# Tub/shower diverter whistleing



## redbeardplumber (Dec 4, 2012)

I did a house last fall. Both tub/shower diverters are humming/whistling when you are showering. He bought all fixtures so I'm not panicking, just curious.

I hear it doing service calls, usually makes a sound and then goes away if the diverters is good. 

Thoughts? Thanks guys


----------



## MarkToo (Dec 17, 2011)

You sure it's not the shower heads? Moen had a run of box store head/arm/flange kits a while back that would whistle like no tomorrow. Was nuts. I haven't seen them in at least a couple years now.


----------



## UN1TED-WE-PLUMB (Oct 3, 2012)

Single handle Moens?? That's usually where I see it. Normally replacing the tub spouts will take care of it. 

Charge him. Tell him to call moen to order new spouts. It will make it easier to swallow if your not charging him for the spouts.


----------



## JoshJ (May 10, 2012)

What brand of valves?


----------



## The bear (Sep 27, 2012)

I agree might be shower heads. Flow restrictor may be causing it.


----------



## plbgbiz (Aug 27, 2010)

Maybe the valve is a voyeur. :brows:


----------



## redbeardplumber (Dec 4, 2012)

Yes they r single handle Moen faucets.

Thanks guys.


----------



## UN1TED-WE-PLUMB (Oct 3, 2012)

I knew it... 

Tell him to call moen for new tub spouts.
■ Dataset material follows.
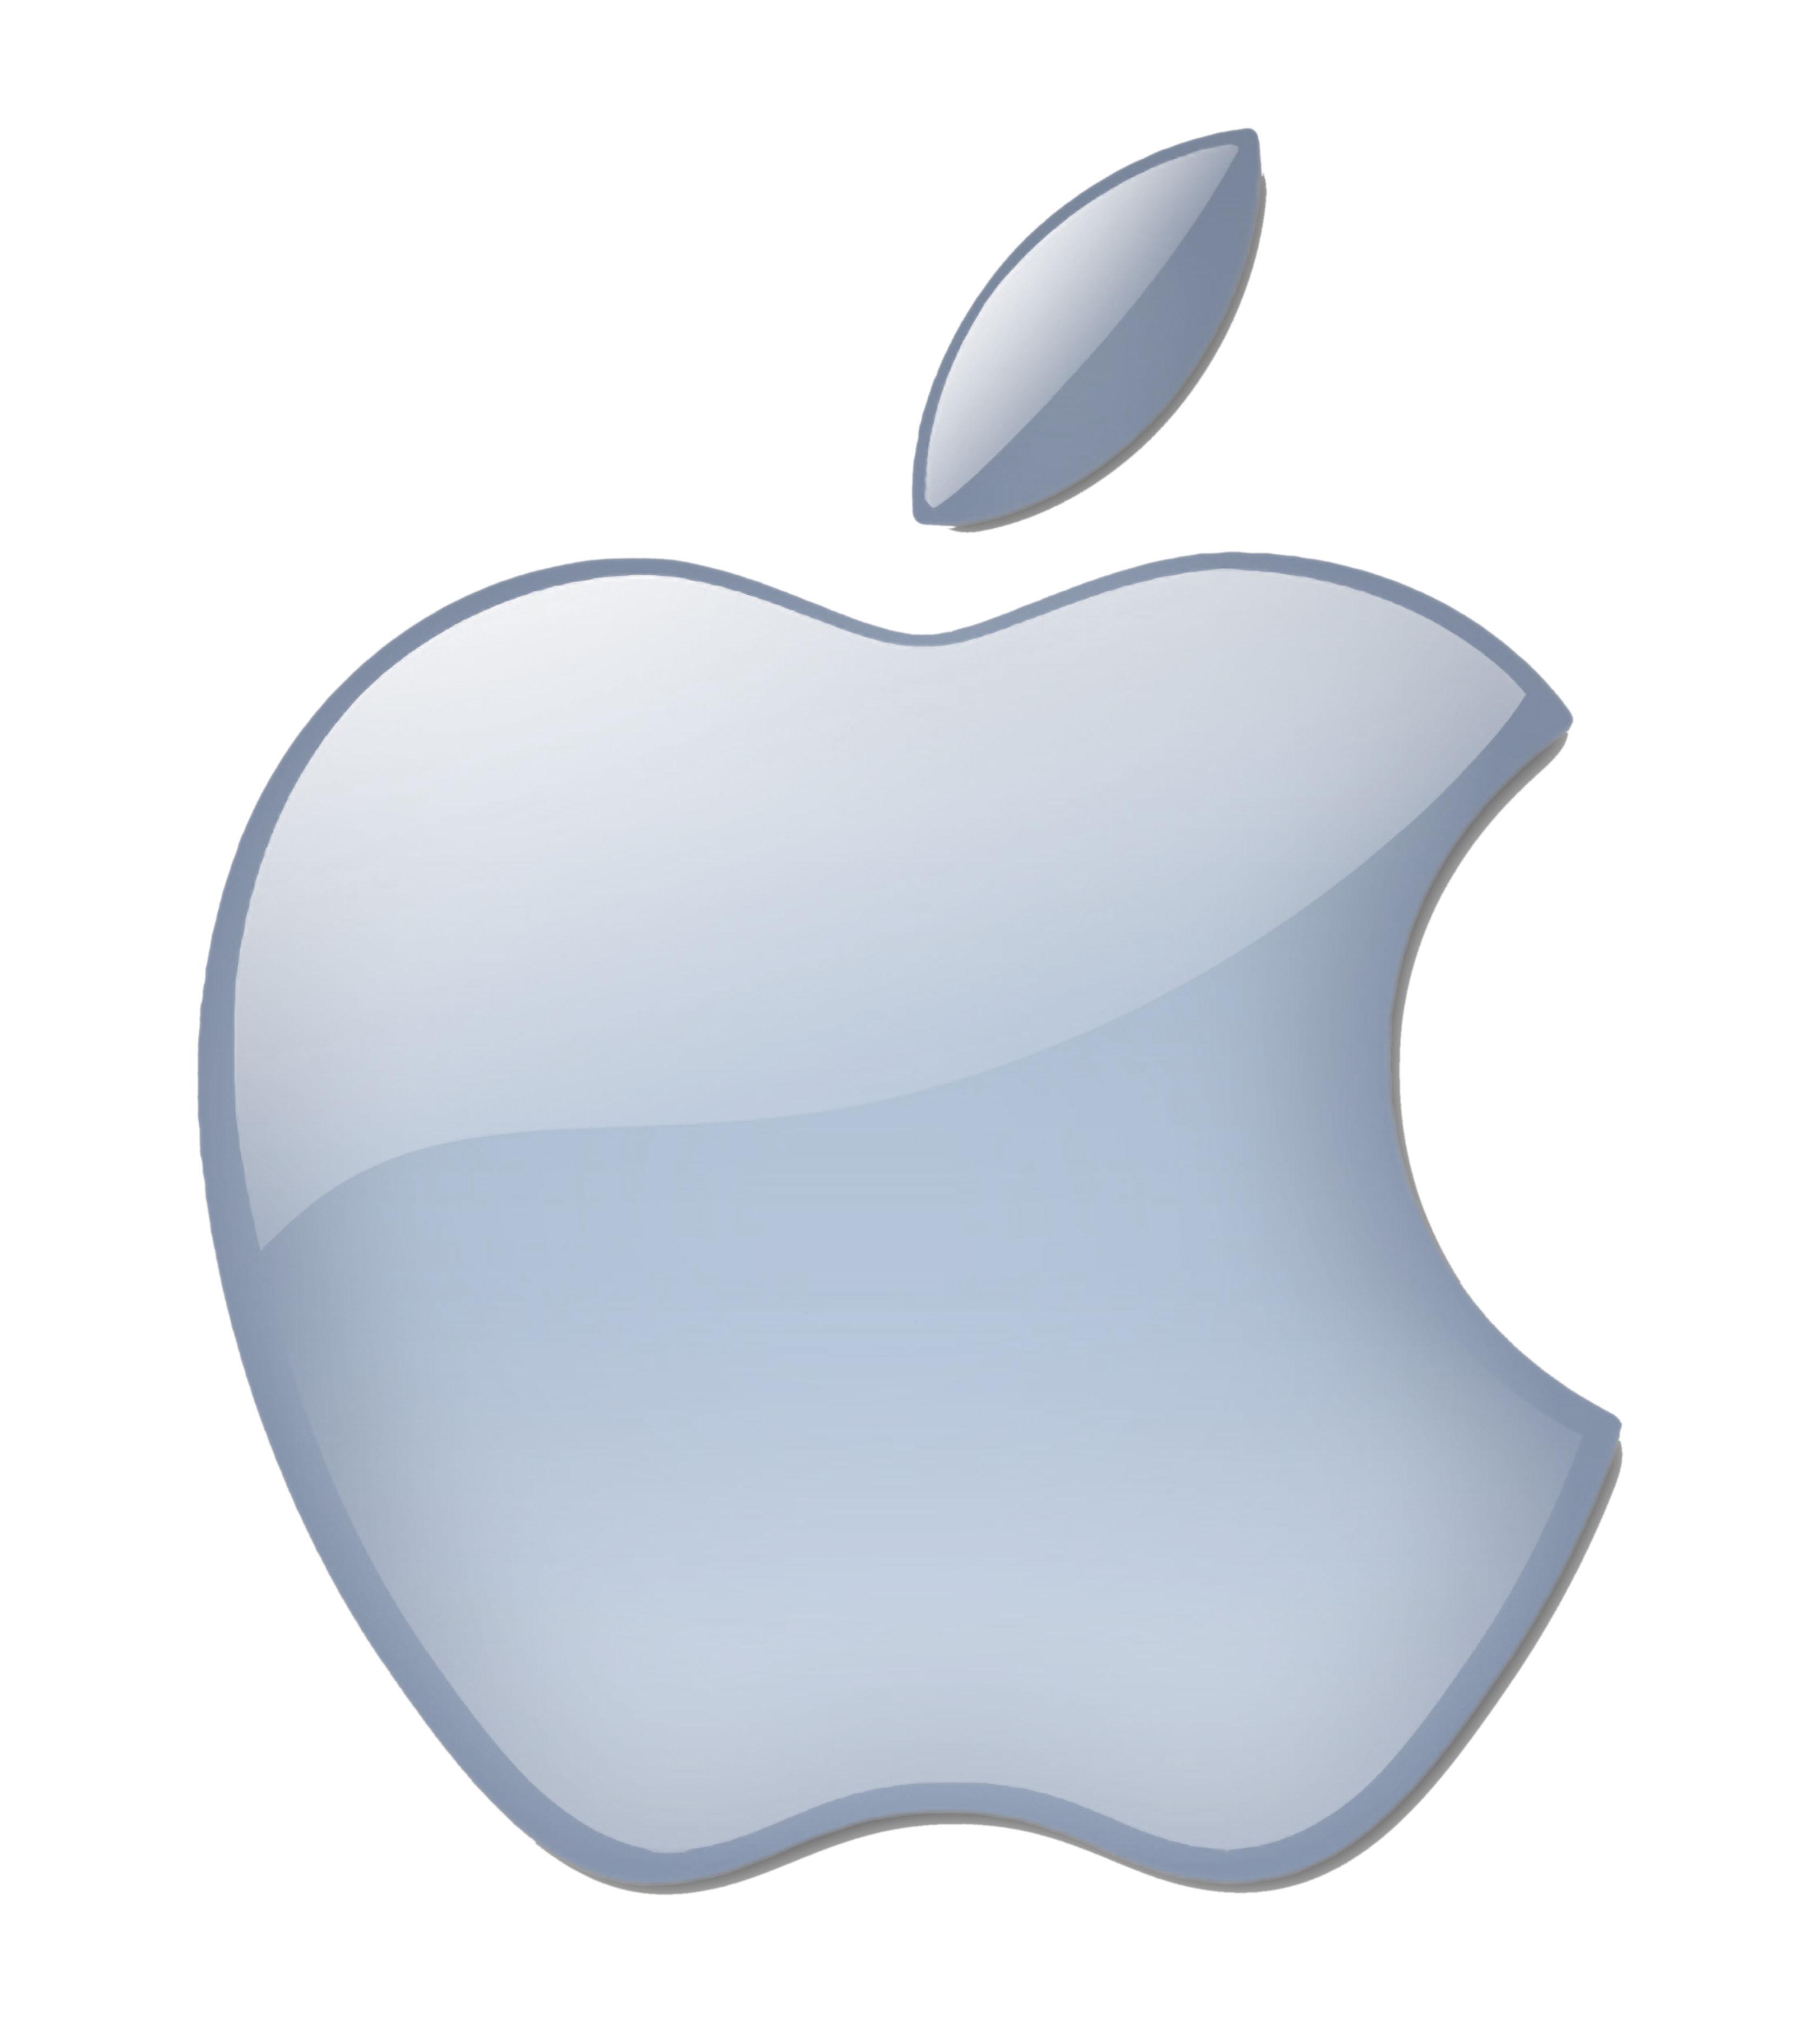 Как сделать значок apple на папку Басков Николай. С Днём рождения-Музыкальные открытки

They will be free then you charge him to install them.


----------



## redbeardplumber (Dec 4, 2012)

UN1TED-WE-PLUMB said:


> I knew it...
> 
> Tell him to call moen for new tub spouts. They will be free then you charge him to install them.


You have had this problem with Moen diverters?


----------



## UN1TED-WE-PLUMB (Oct 3, 2012)

Yes. Big 10-4 good buddy


----------



## redbeardplumber (Dec 4, 2012)

I know they aren't slip fits, so I'm sure if the nipple isn't sealed well and it sucked air it may do this. Box store crap.


----------



## UN1TED-WE-PLUMB (Oct 3, 2012)

Not slips?? Surprising. 

Anyway new spouts should take care of it.. And make sure you check the water pressure when your out there too.


----------



## antiCon (Jun 15, 2012)

if its a spout diverter its probably the little washer inside.. replace spout and should stop..


----------